··· COLLECTED DATA ···
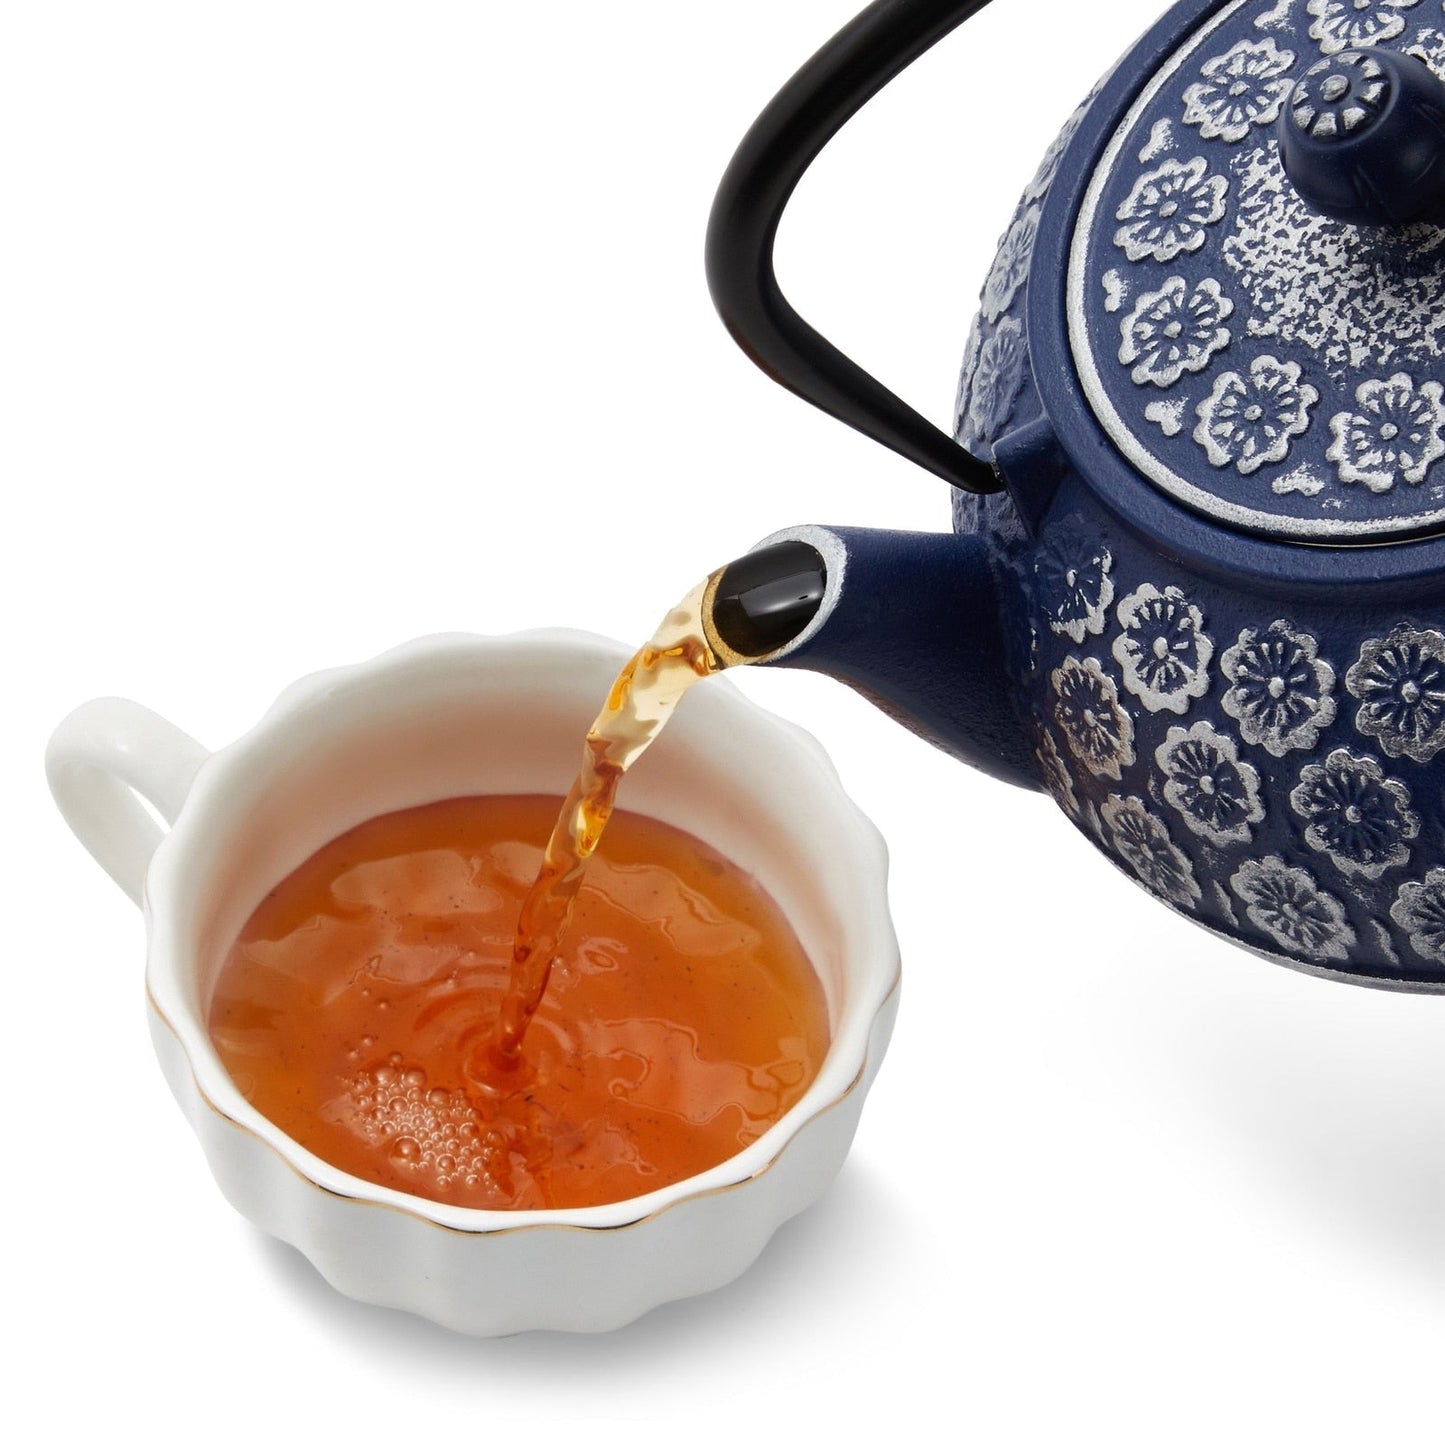 Théière chinoise en fonte bleue avec infuseur pour thé en feuilles, comprend poignée et couvercle amovible, 34 oz
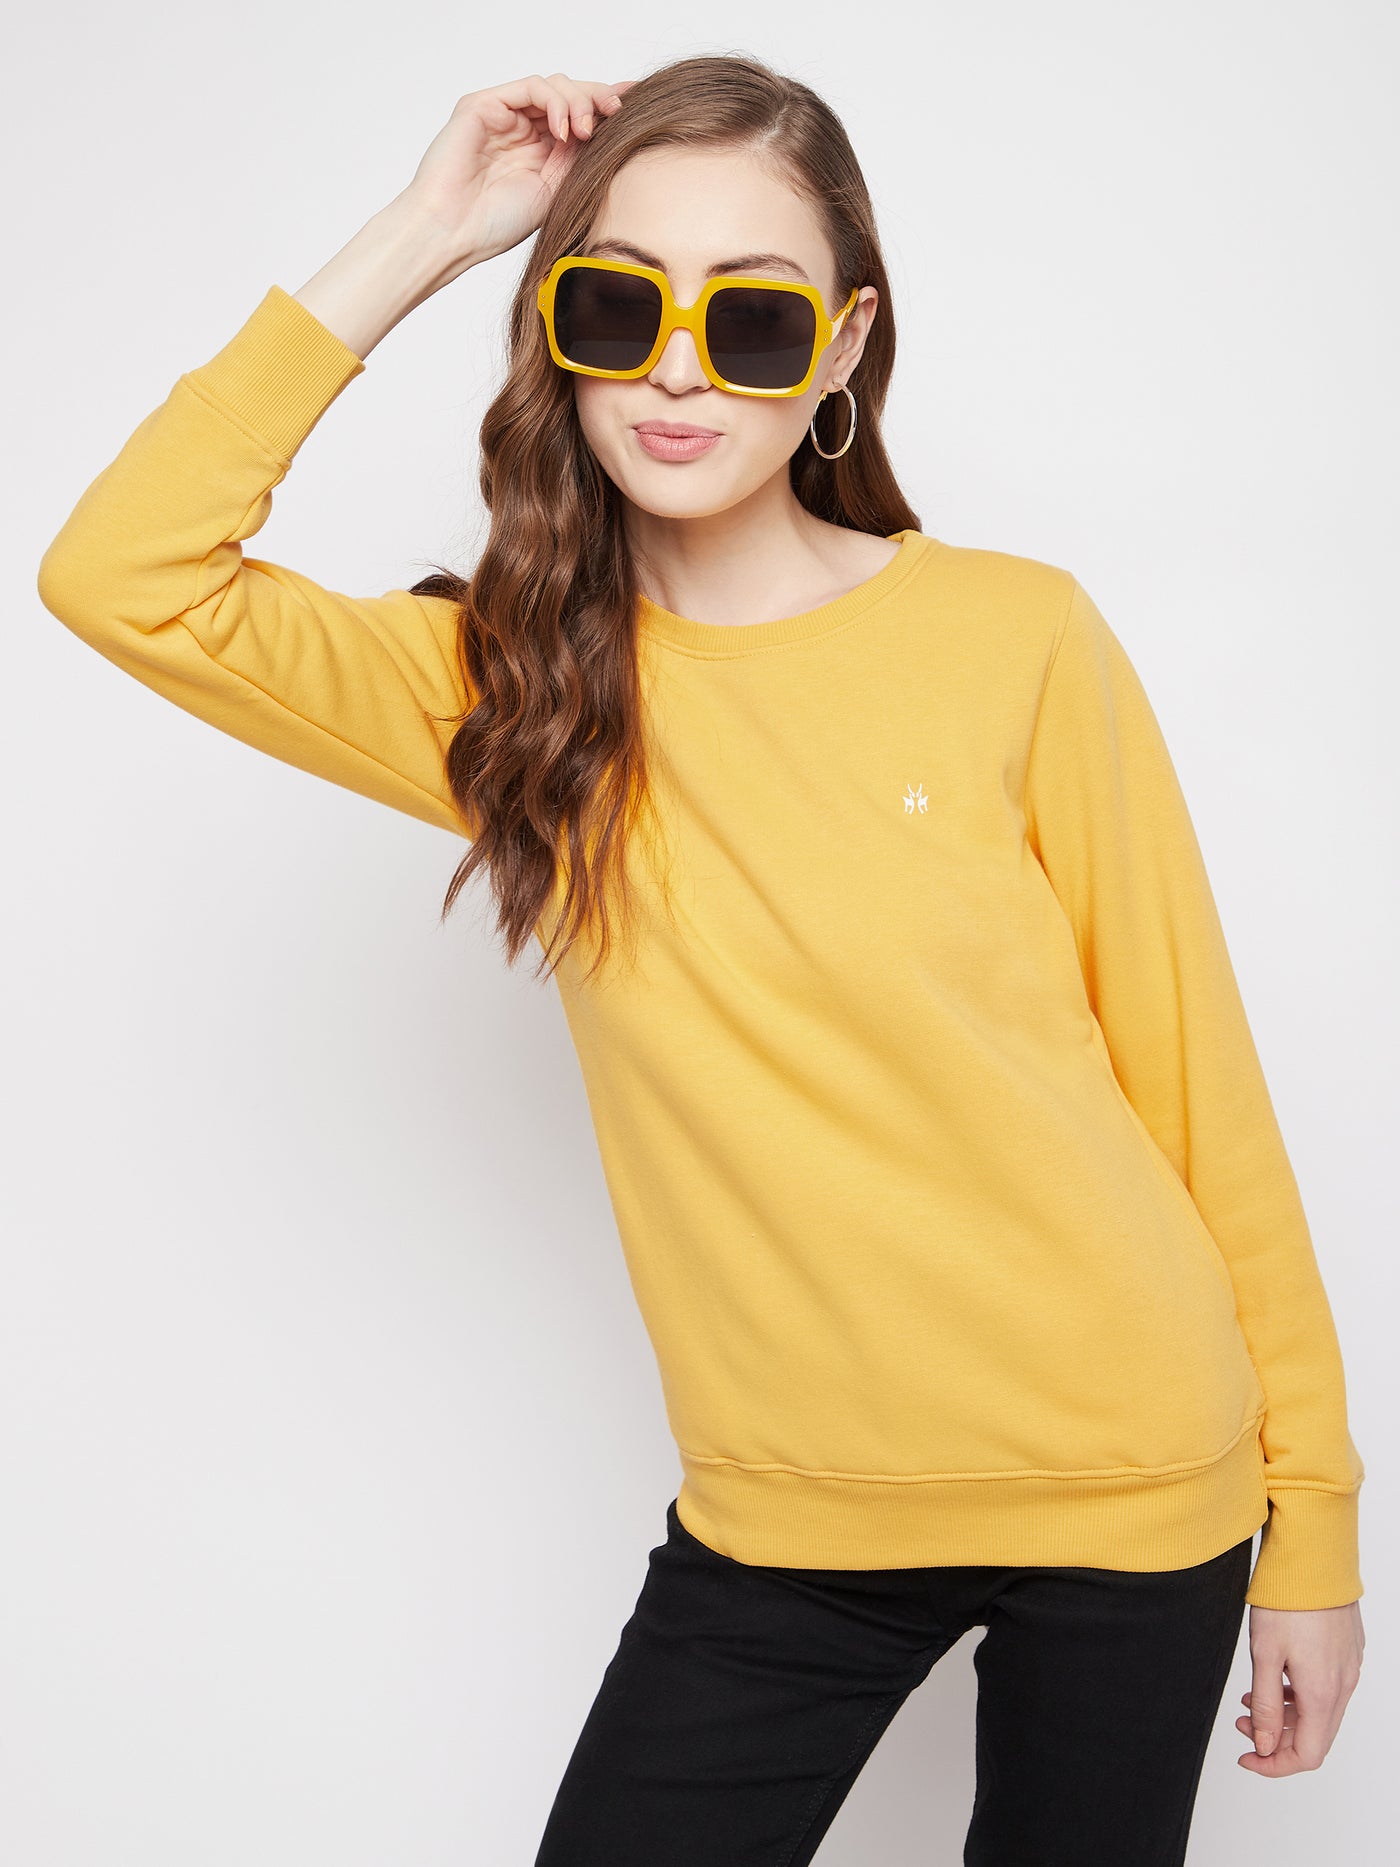 Yellow Round Neck Sweatshirt - Women Sweatshirts
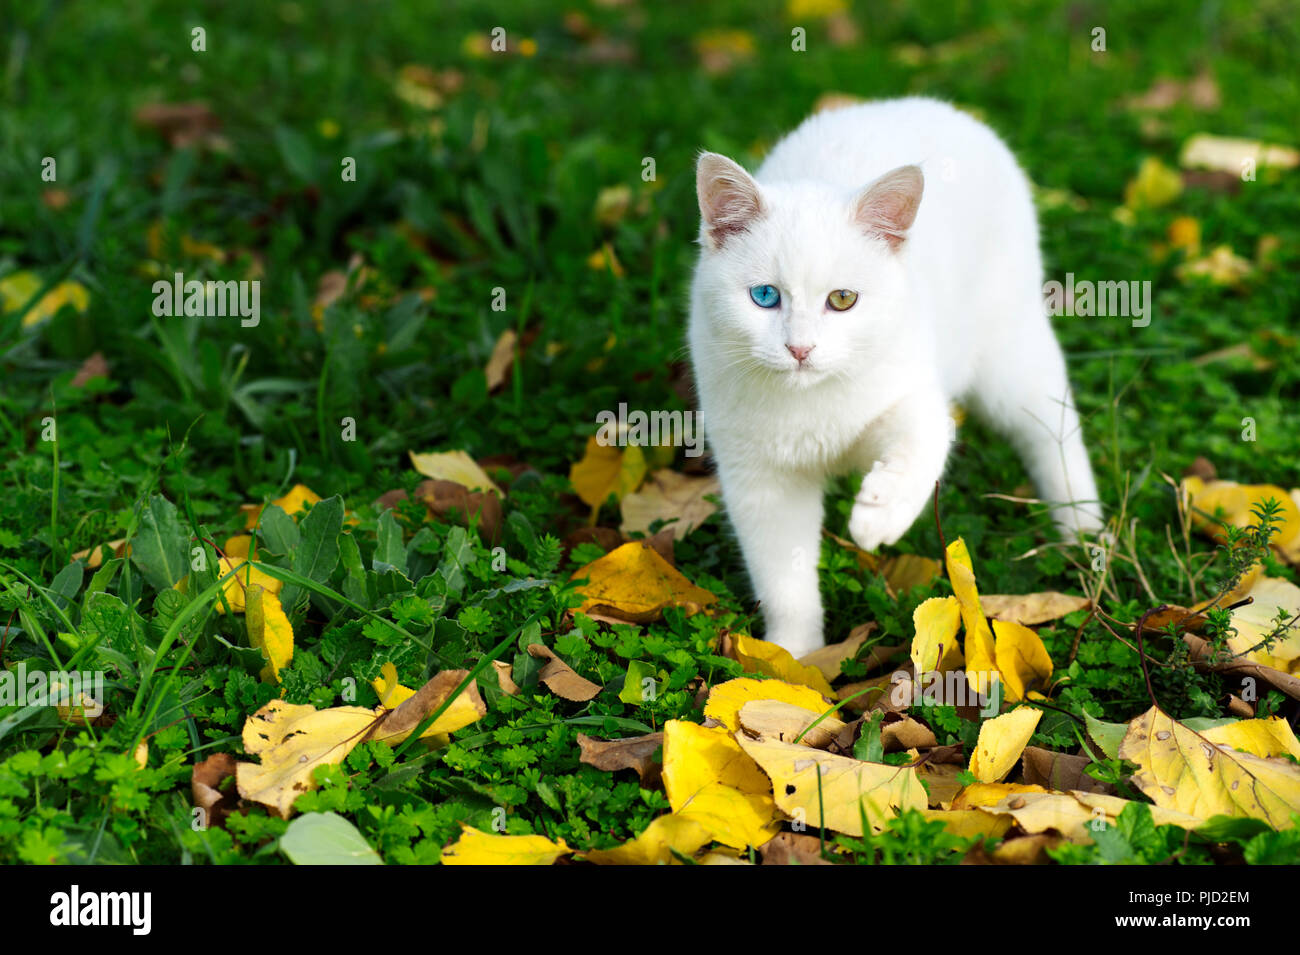 Odd eyed gatito caminando sobre el césped con el follaje de otoño Foto de stock
···
## [PROBLEM STATEMENT]
Repeat the full listing above exactly, with no pictures in the copy.

## [TASK RESULT]
 Théière chinoise en fonte bleue avec infuseur pour thé en feuilles, comprend poignée et couvercle amovible, 34 oz
 Yellow Round Neck Sweatshirt - Women Sweatshirts
 Odd eyed gatito caminando sobre el césped con el follaje de otoño Foto de stock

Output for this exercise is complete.